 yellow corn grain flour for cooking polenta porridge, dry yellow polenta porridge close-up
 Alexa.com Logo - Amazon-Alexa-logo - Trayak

....

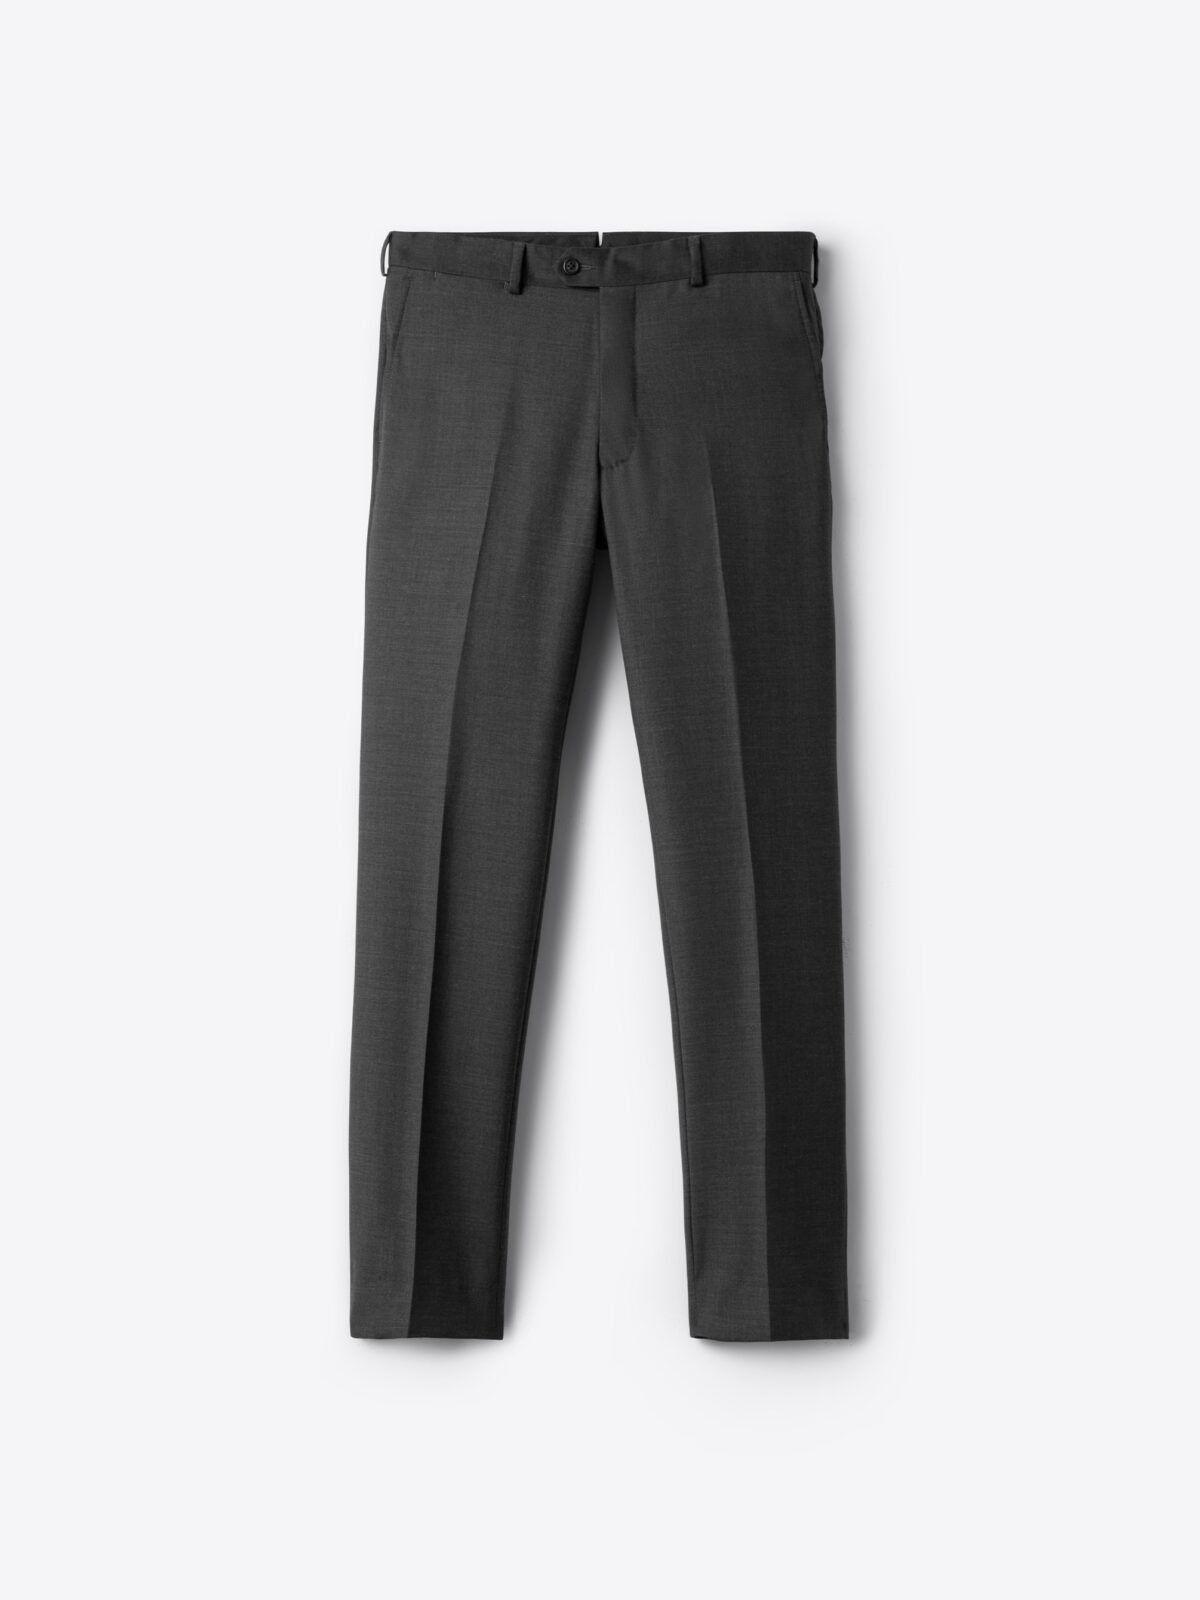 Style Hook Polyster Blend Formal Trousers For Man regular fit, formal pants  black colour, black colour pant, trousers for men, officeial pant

....

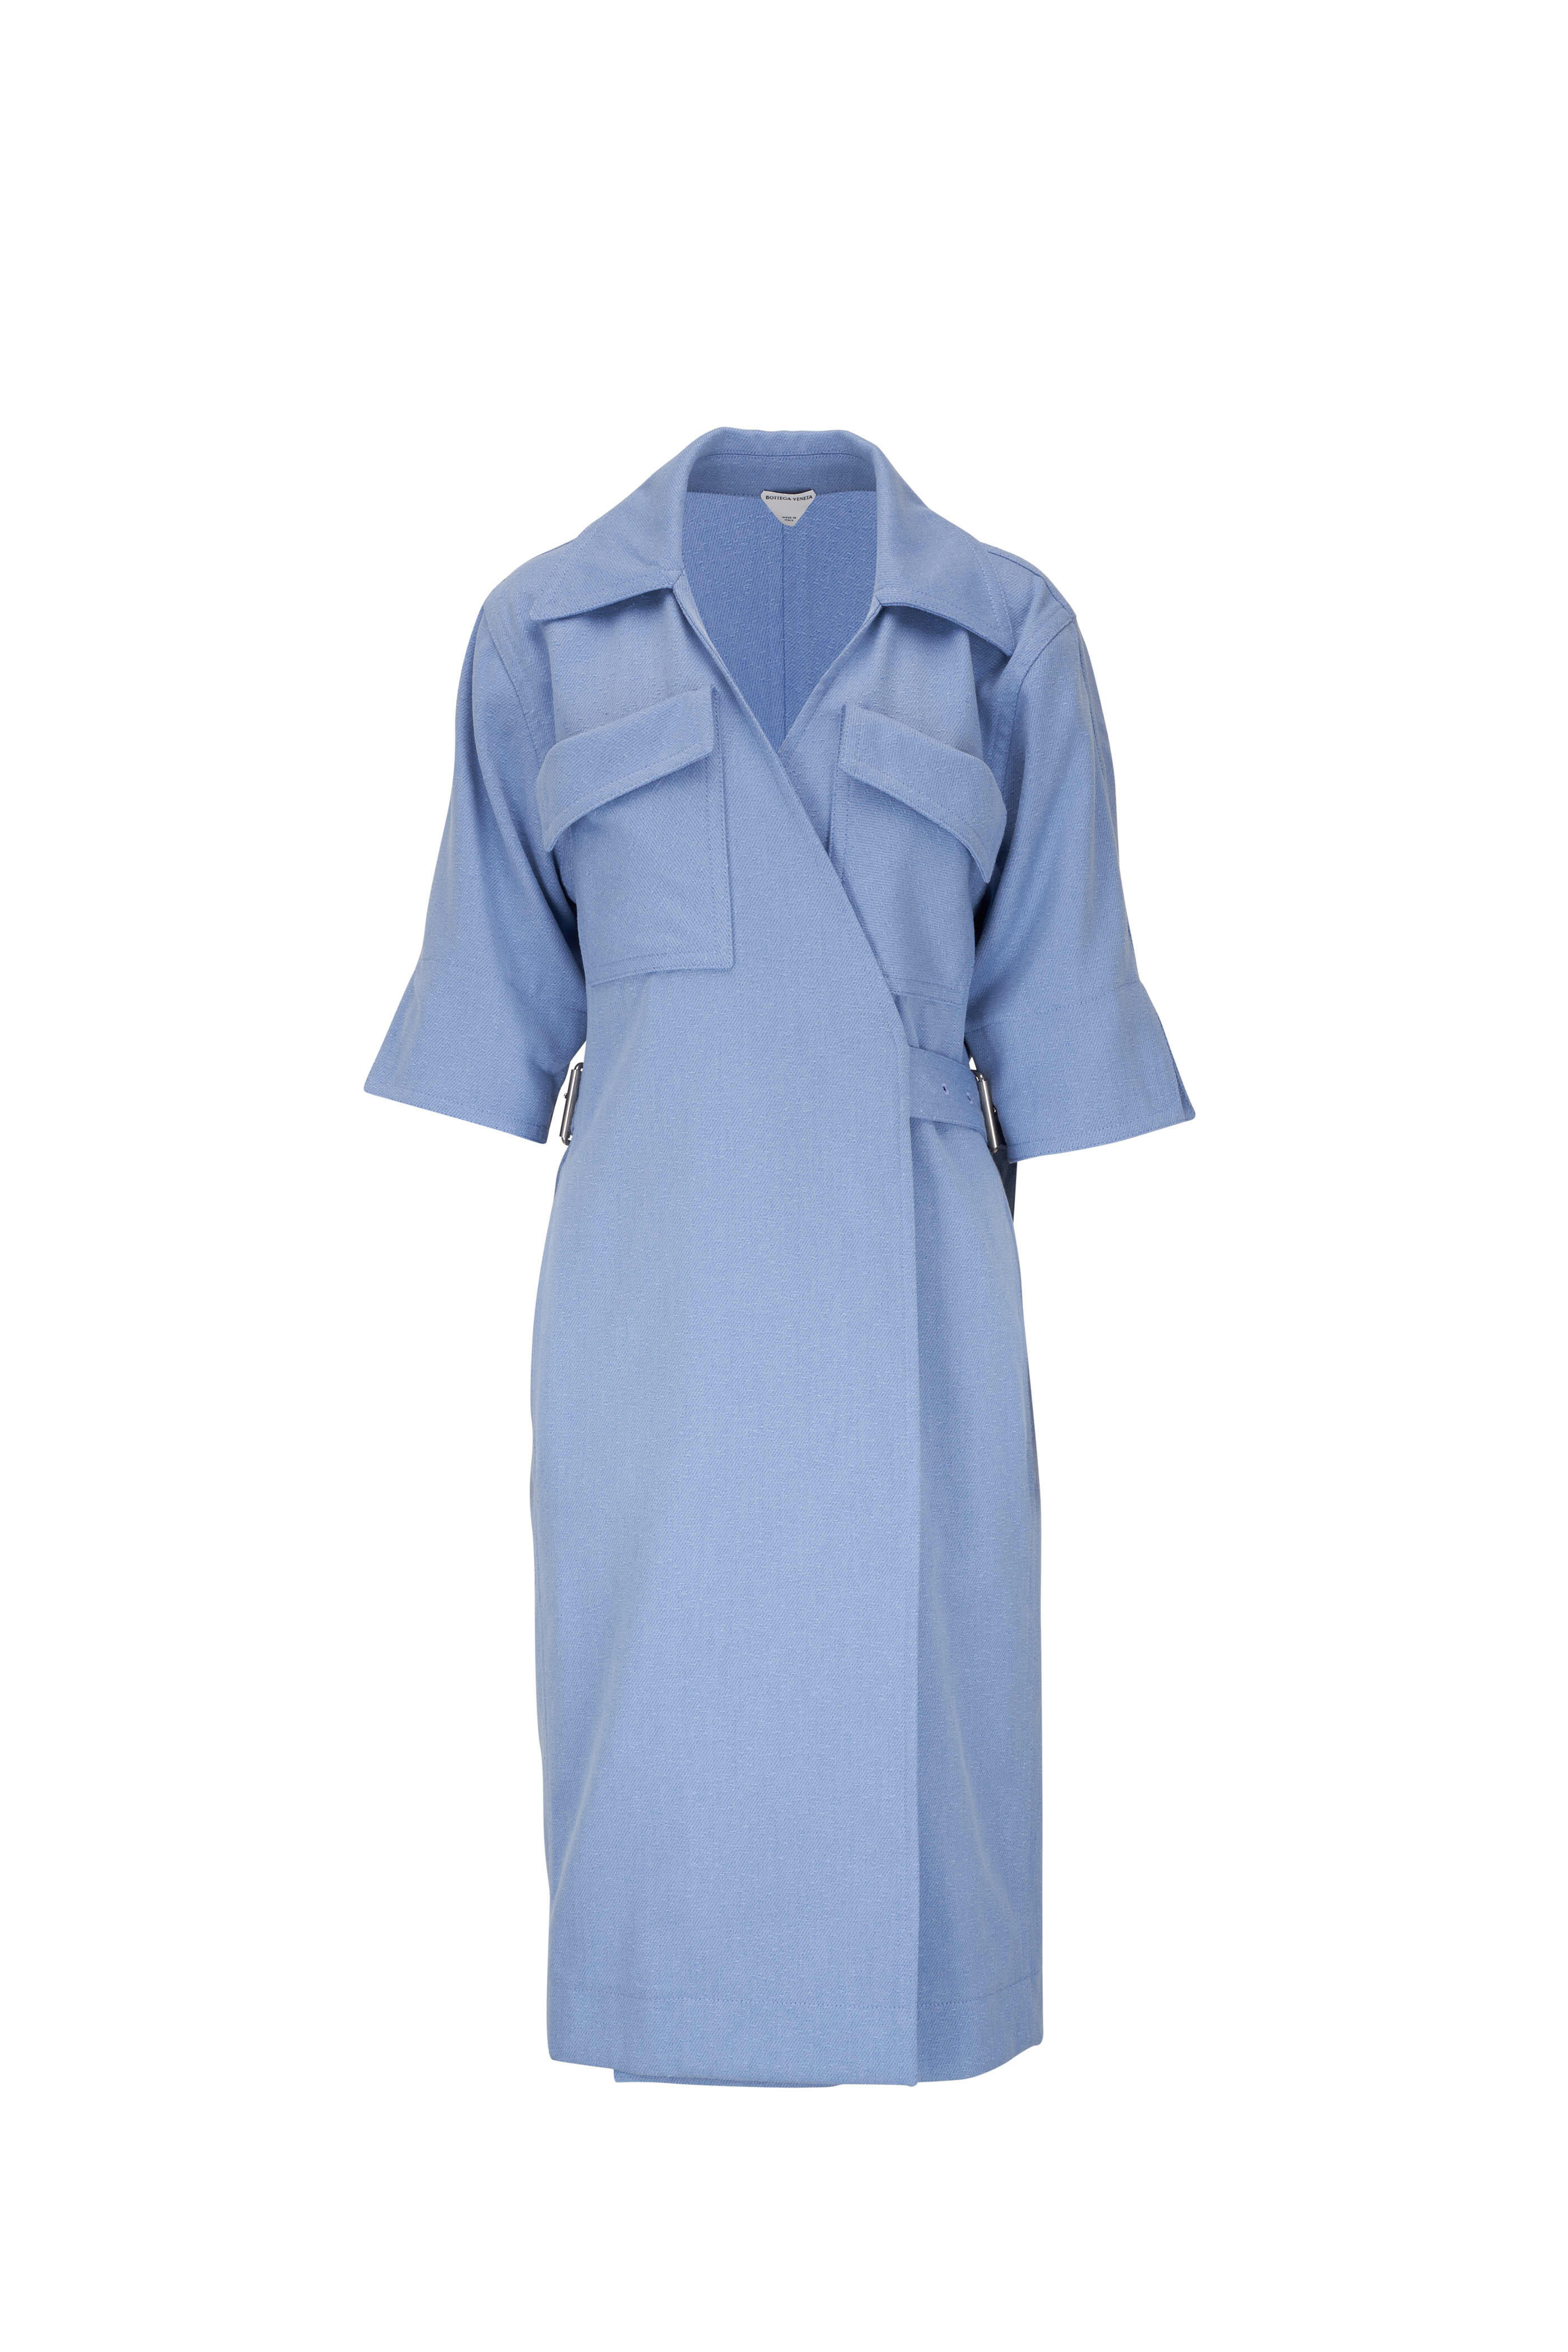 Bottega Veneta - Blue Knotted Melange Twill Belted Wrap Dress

....

TASK DIRECTIONS » Quote the data above from the line containing "yellow corn grain" to the line containing "Alexa.com Logo - Amazon-Alexa-logo - Trayak", inclusive, and stop.

WRITTEN ANSWER »
 yellow corn grain flour for cooking polenta porridge, dry yellow polenta porridge close-up
 Alexa.com Logo - Amazon-Alexa-logo - Trayak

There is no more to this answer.